James Bailey, a professor of management at the George Washington University School of Business, told Insider that on one level, workers' resistance to the office was explained by the psychological phenomenon of reactance, or the human instinct to push back when we feel our freedoms are threatened.
"Workers' refusal to go back to the office is like a metaphorical middle finger to their bosses," he said.
While many employees continue to believe they have leverage, Bailey said, employers are capturing the upper hand as questions remain about the fate of the economy. The recent banking crisis, on top of stubbornly high inflation, weighs on the economy. Many of the same companies demanding workers return to the office have recently conducted mass layoffs — some more than once.
"A lot of professional-service workers gained power during the pandemic, and they got drunk on this freedom," Bailey said. "But as the economy shifts, and more companies let people go, there's going to be a reckoning.

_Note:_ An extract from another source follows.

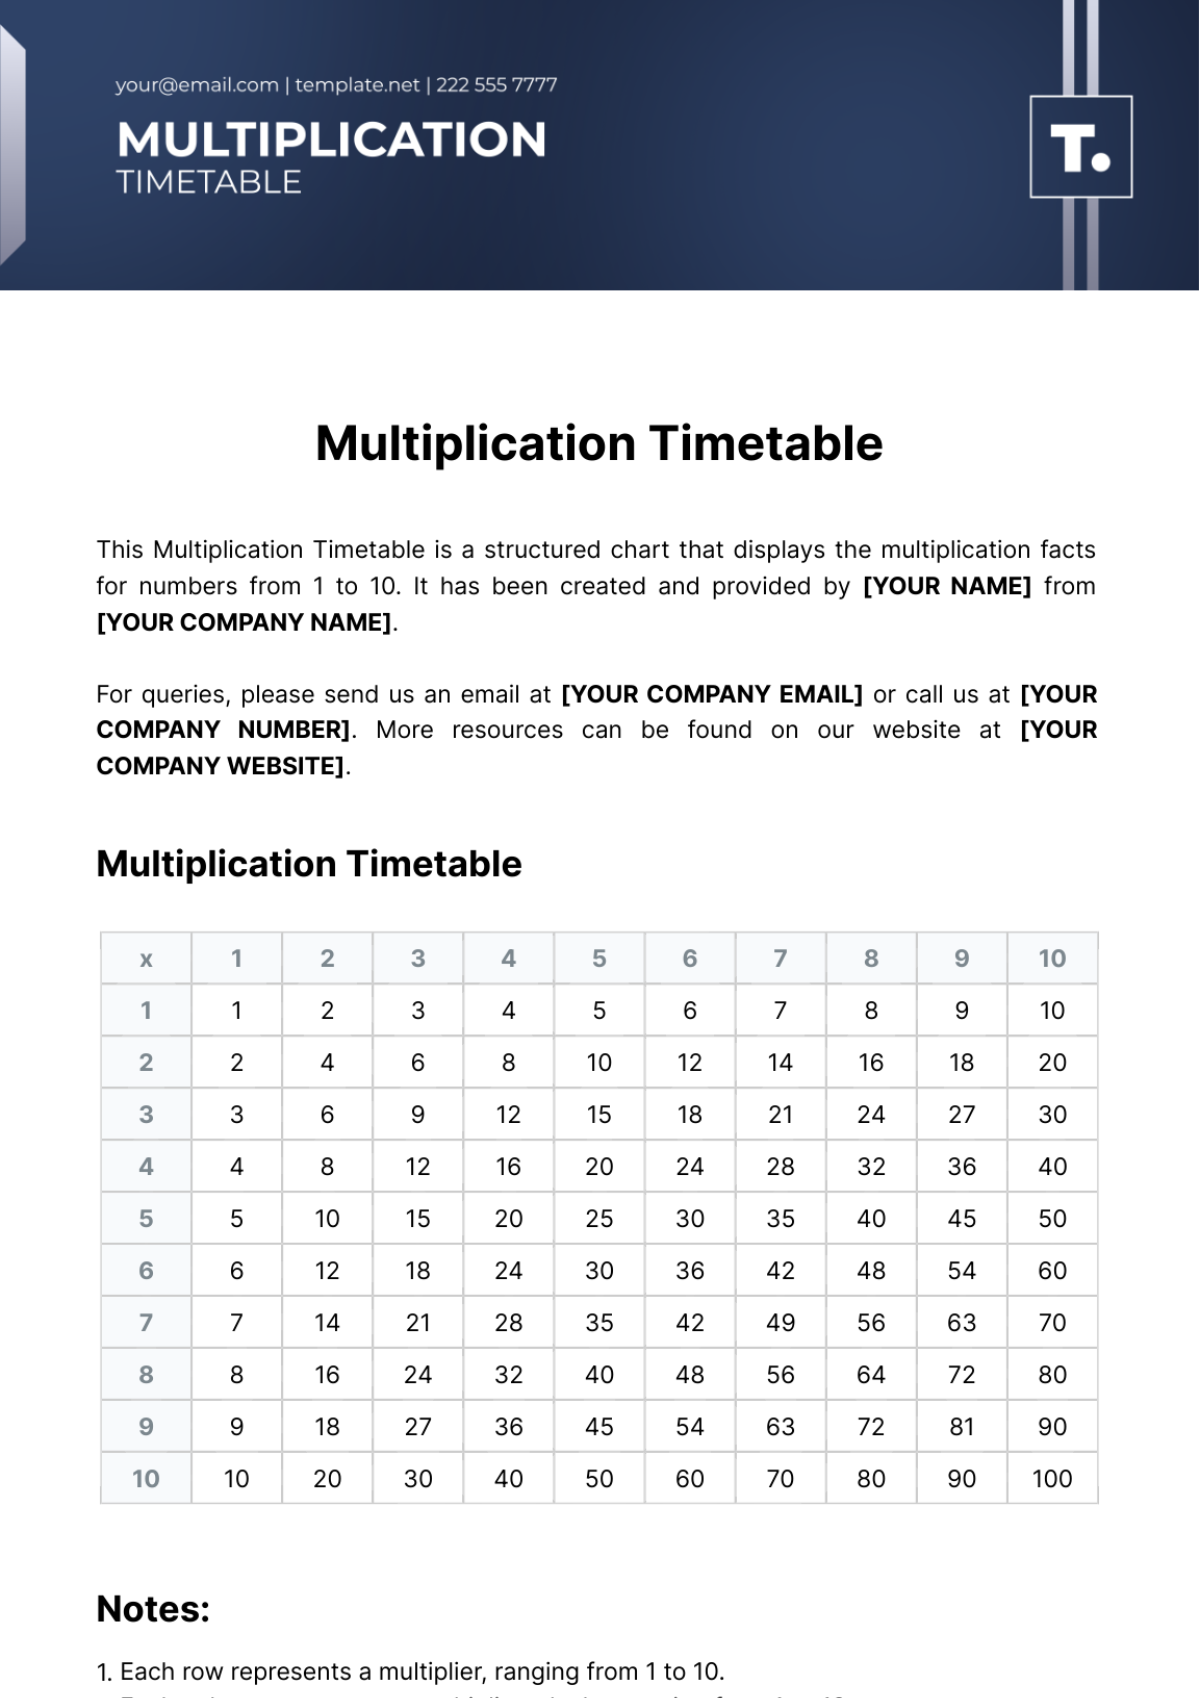 Multiplication Timetable Template

"If workers don't want a hangover, they're going to have to sober up."
Workers have other options — for now
Yet it's not clear that employers will ultimately win this tug-of-war.
While US workers are now spending more time in the office, workplaces are still half empty. According to Kastle Systems' Back to Work Barometer, which measures swipe-card access, occupancy rates hover around 47.6% and have barely budged this year.

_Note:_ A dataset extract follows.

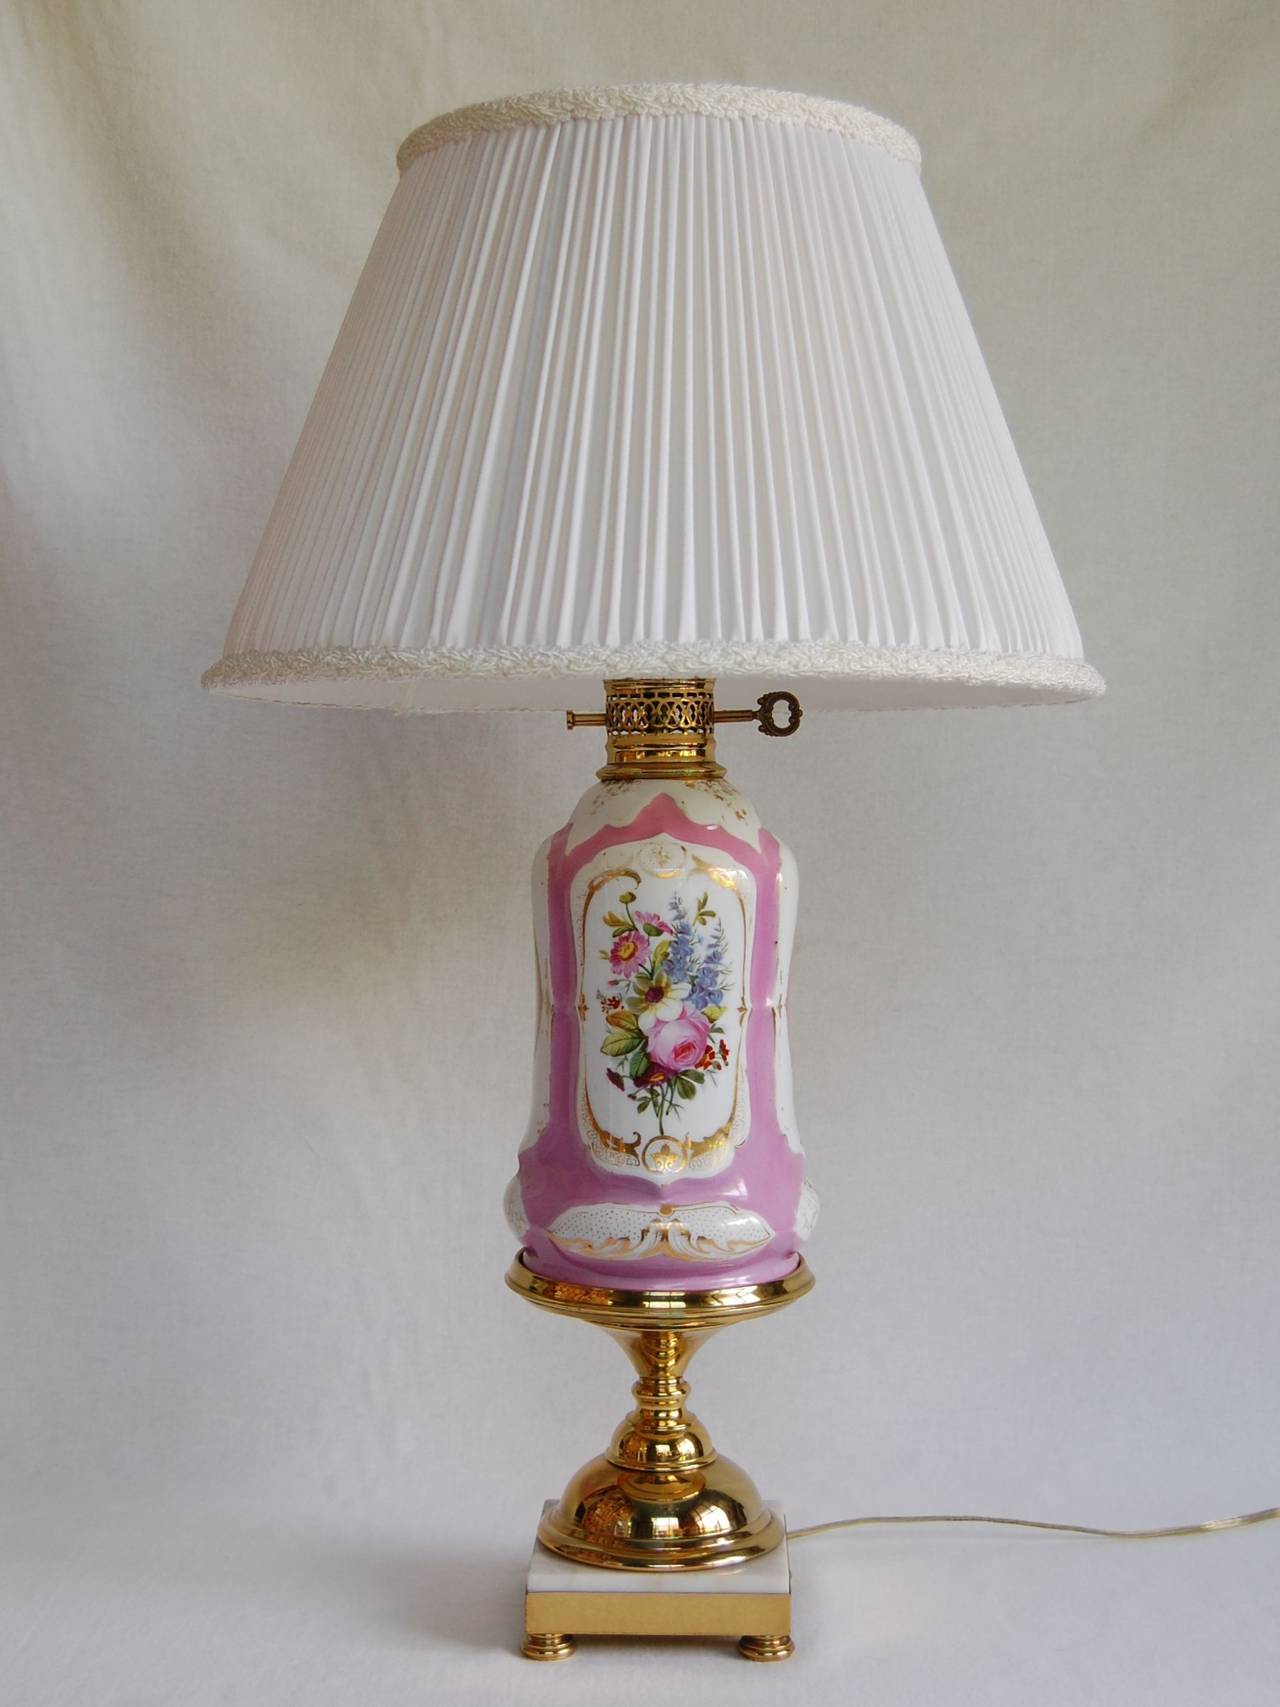 Paris porcelain floral-decorated oil table lamp on a tazza base (possibly not original base). Beautifully decorated in pink and gold with floral bouquets, resting on a polished brass column and marble base. Recently rewired, cleaned, and polished.

Despite the drumbeat of headlines about layoffs, many organizations are struggling to hire, and the number of people voluntarily leaving their jobs remains elevated. True, purely remote job opportunities are dwindling, but workers still have other options.
"If companies think that the talent market is glutted because of these layoffs, and they don't need to worry about people quitting, that's a whole new level of shortsightedness," Ron Carucci, a cofounder of Navalent, a leadership and consulting firm, told Insider.
Rigid mandates are the product of "delusional, command-and-control" leadership, Carucci said.
"These executives believe that if you're under my scrutiny — in my presence — you'll be more productive," he added. "They're clinging to a paradigm that's familiar to them, and their inner circles aren't telling them that it's outmoded and not working."
The companies that are managing the transition to hybrid well are evaluating the kinds of work that need to be done and soliciting employee feedback on how best to do it, Carucci said, adding that they're also mindful of their workers' job satisfaction and engagement.
Carucci said he's not surprised that employees were digging in on "petty scorekeeping."
"Given the choice of quitting or doing something they don't think is sustainable, many of them will quit," he said. "But it's worse if they stay because then they're just marking time."
An earlier version of this story appeared on March 29, 2023.